Friday, July 2, 2010

Study: US media redefined torture after US started practicing it

By Daniel Tencerwaterboard Study: US media redefined torture after US started practicing it

The US news media radically changed how it reported on the issue of waterboarding after it emerged that US forces had used the practice, says a new study from Harvard University.

The study also found a double standard when defining waterboarding, with news sources commonly referring to waterboarding as "torture" when talking about foreign countries using the practice, but declining to do so when it's being carried out by the United States.

The study (PDF) reports:

From the early 1930's until the modern story broke in 2004, the newspapers that covered waterboarding almost uniformly called the practice torture or implied it was torture: The New York Times characterized it thus in 81.5% (44 of 54) of articles on the subject and The Los Angeles Times did so in 96.3% of articles (26 of 27). By contrast, from 2002-2008, the studied newspapers almost never referred to waterboarding as torture. The New York Times called waterboarding torture or implied it was torture in just 2 of 143 articles (1.4%). The Los Angeles Times did so in 4.8% of articles (3 of 63). The Wall Street Journal characterized the practice as torture in just 1 of 63 articles (1.6%). USA Today never called waterboarding torture or implied it was torture.

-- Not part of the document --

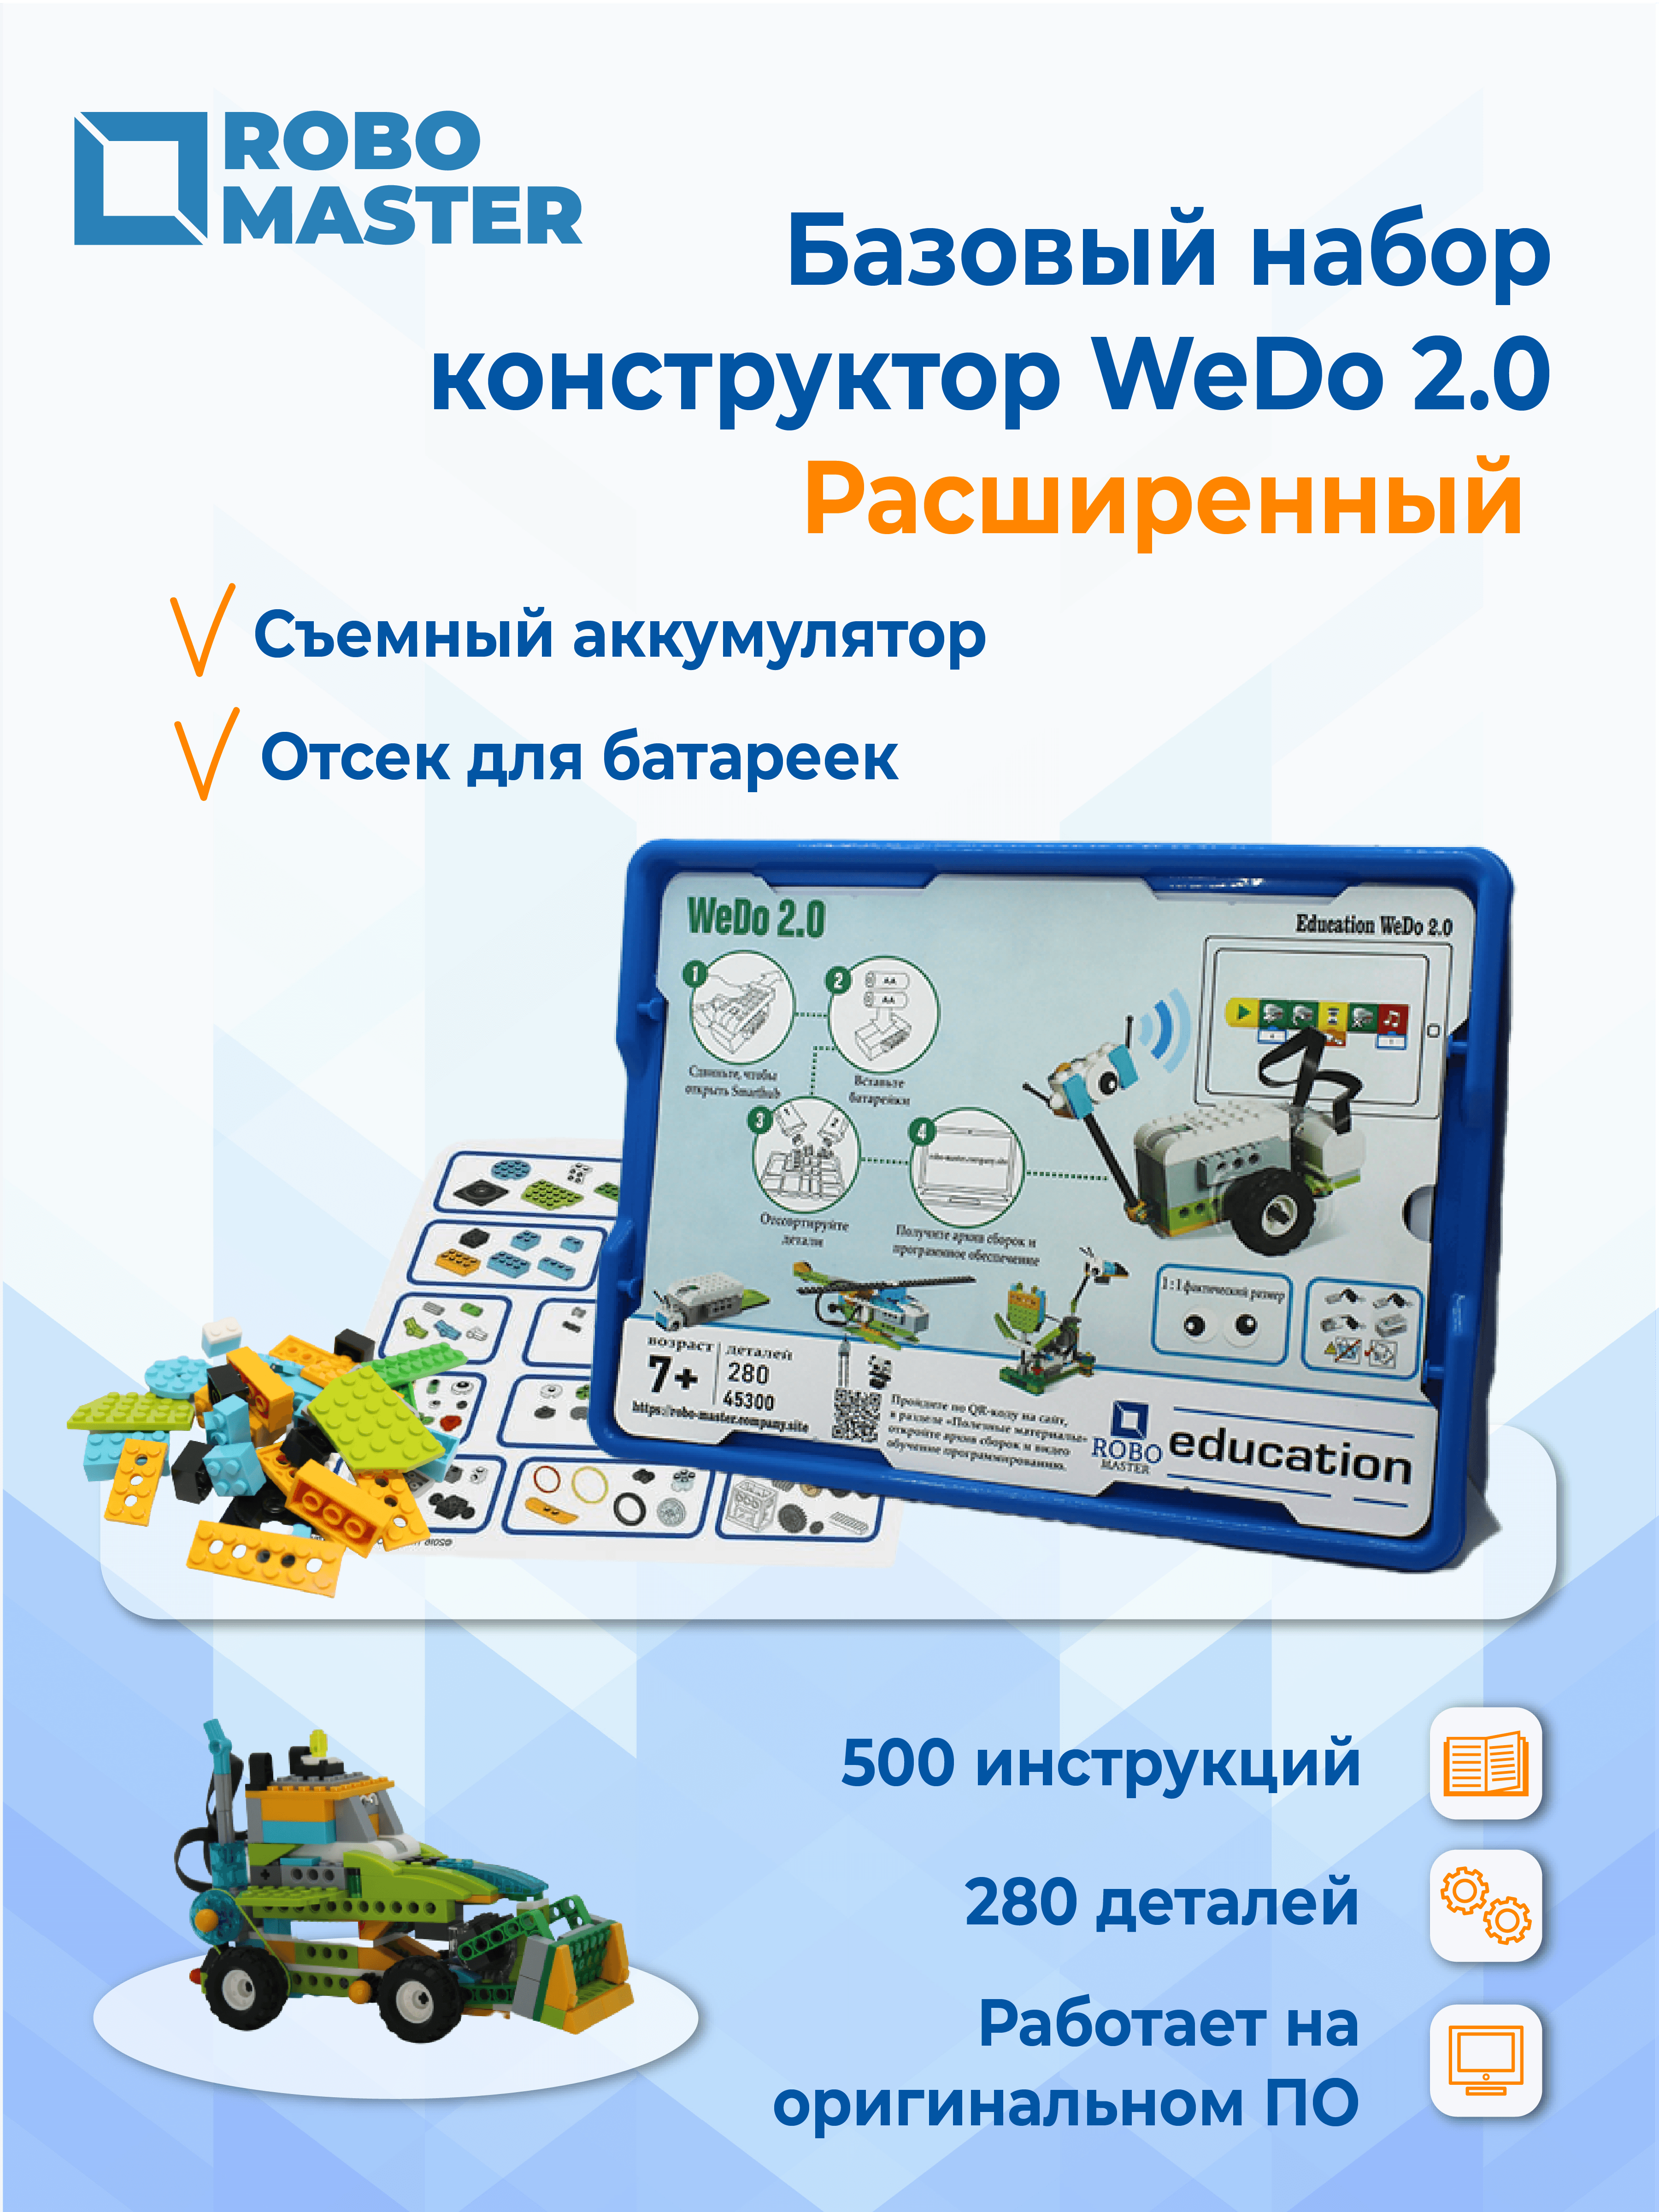 Базовый набор WeDo 2.0 расширенный (Аналог)

The study went on to note a marked difference in the way waterboarding is portrayed when the individuals doing the waterboarding are American, and when they're not.

[N]ewspapers are much more likely to call waterboarding torture if a country other than the United States is the perpetrator. In The New York Times, 85.8% of articles (28 of 33) that dealt with a country other than the United States using waterboarding called it torture or implied it was torture while only 7.69% (16 of 208) did so when the United States was responsible. The Los Angeles Times characterized the practice as torture in 91.3% of articles (21 of 23) when another country was the violator, but in only 11.4% of articles (9 of 79) when the United States was the perpetrator.

The study, from Harvard University's Joan Shorenstein Center on the Press, Politics and Public Policy, may be the first empirical evidence of what many media critics have been accusing the US media of, anecdotally, for some time: That the press changed its standards for "torture" once it became known the US was practicing it.